Оно находилось неподалёку от общего, но было огорожено простеньким ограждением, украшенным старыми бусами, выцветшими лентами, растрёпанными перьями. Я была рядом с Виком и держала его за руку всё время, пока оба гроба опускали в могилу, а затем положила на каждый по белой лилии, мысленно прощаясь с обеими женщинами из рода Каллиген.
Вик выглядел предельно спокойным, но в глазах его плескалась боль. Он тяжело переживал в себе утрату. Подождав, пока гроб Аделаиды закроют, он положил на него и на гроб матери небольшие букеты белых лилий. Последними из простившихся были двое незнакомцев. В руках у них были богатые букеты полевых цветов – откуда только взяли их в середине зимы? В своих чёрных широких пальто мужчины были похожи на двух братьев-воронов. После погребения они подошли к нам с Виком. Спокойно протянули по очереди руки, и Вик их пожал.
– Здравствуй, Виктор, – улыбнулся один из них. Улыбка была светлой и приятной. Крупные белые зубы не прибавляли мужчине красоты, но он был очарователен донельзя. Вблизи им можно было дать лет по сорок пять, но выглядели они превосходно.
– Мы знакомы? – уточнил Вик.
– Заочно, – покачал второй мужчина ребром ладони. – Хочу сказать, я был тронут речью, которую ты произнёс. Но, к счастью, взрослеть тебе ещё и взрослеть, дружок.
Мы с Виком непонимающе застыли. Один индеец был предельно спокоен и достал из кармана пальто портсигар с серебряной чеканкой, а уже оттуда – узкую чёрную сигарету. Второй широко заулыбался, сложив руки на груди. Боже, вроде близнецы, а какие разные.
– Меня зовут Теодор Каллиген, – представился самый невозмутимый из них. – А этот восторженный щенок – Адам Каллиген. Мы твои дяди, Вик. Двоюродные.
– Чего?
Больше Вик не сказал ни слова. Братья переглянулись друг с другом.

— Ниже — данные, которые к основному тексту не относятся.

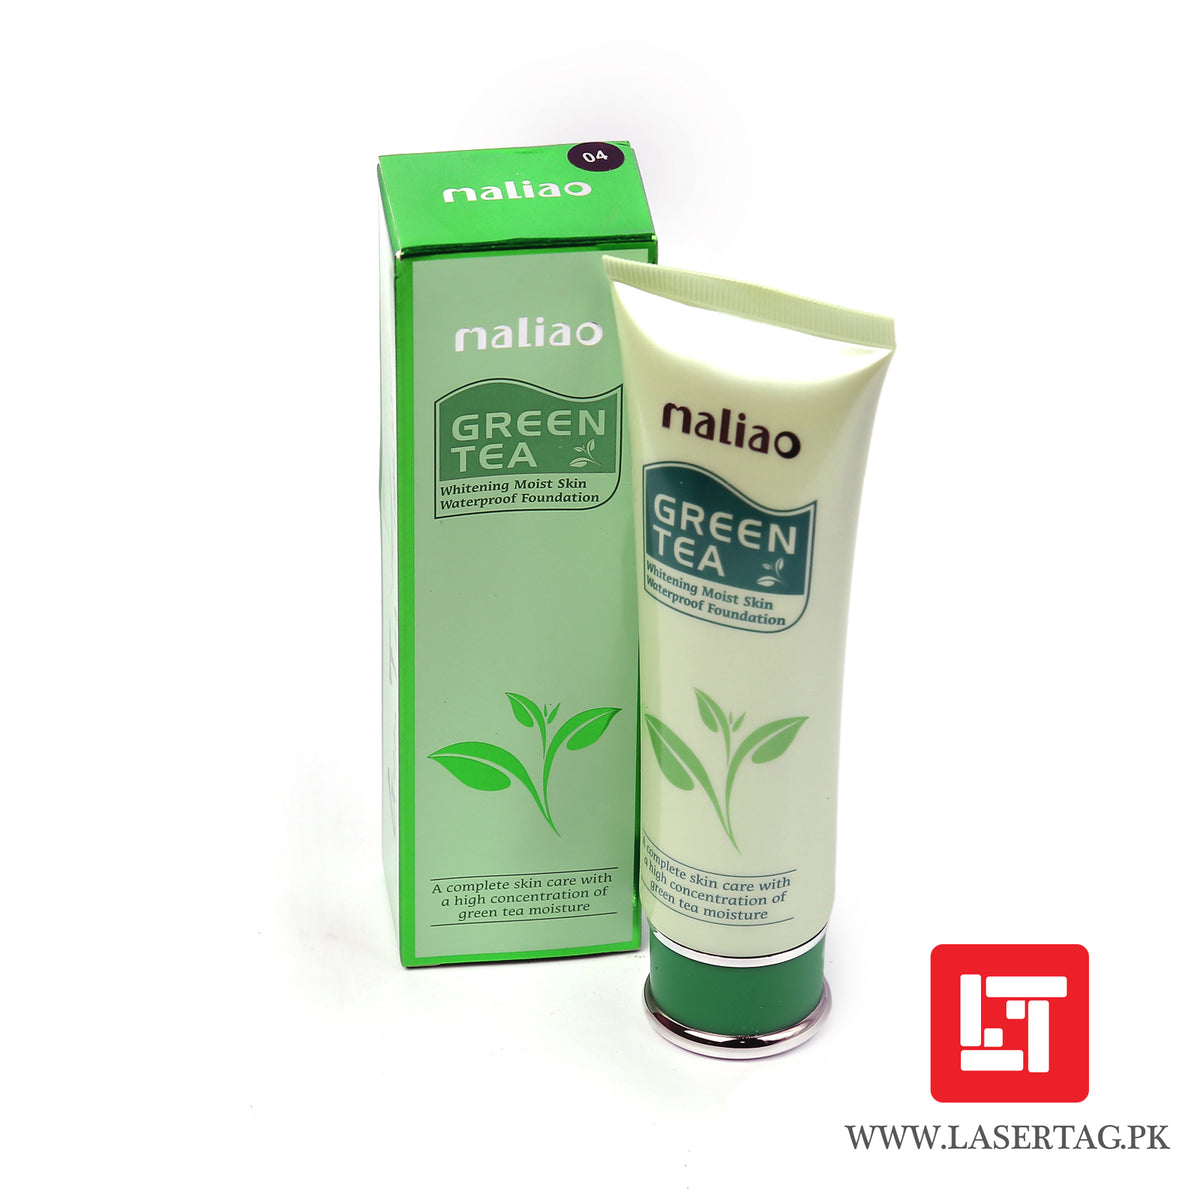 Maliao Green Tea Whitening Moist Skin Waterproof Foundation M104-04 80g freeshipping - lasertag.pk

– Не поверил, – кивнул Адам.
– Я его не виню, – вздохнул Теодор. – Мы кузены твоей мамы, Виктор. Едва узнали о её кончине, как вынуждены были оставить все дела и приехать сюда. Во-первых, потому что нас вызвал нотариус для оглашения завещания.
– А во-вторых, потому что, очевидно, у тебя больше никого, кроме нас, нет, – развёл руками Адам. – Но свои своих в беде не бросают и всё такое.
Я обеспокоенно коснулась запястья Вика. Он стиснул мою талию так, что кости отозвались глухой болью.
– Это… – он покачал головой. – Это очень неожиданно. Я вообще не знал, что у меня есть ещё родственники.
– Понимаем, – кивнул Теодор.
– Это непривычно, – добавил Адам. – Но поверь, дорогуша, мы как никто рады нашей встрече.
– Дел дома невпроворот, и мы редко выезжаем из родных мест. Почитай как с твоего рождения здесь не появлялись.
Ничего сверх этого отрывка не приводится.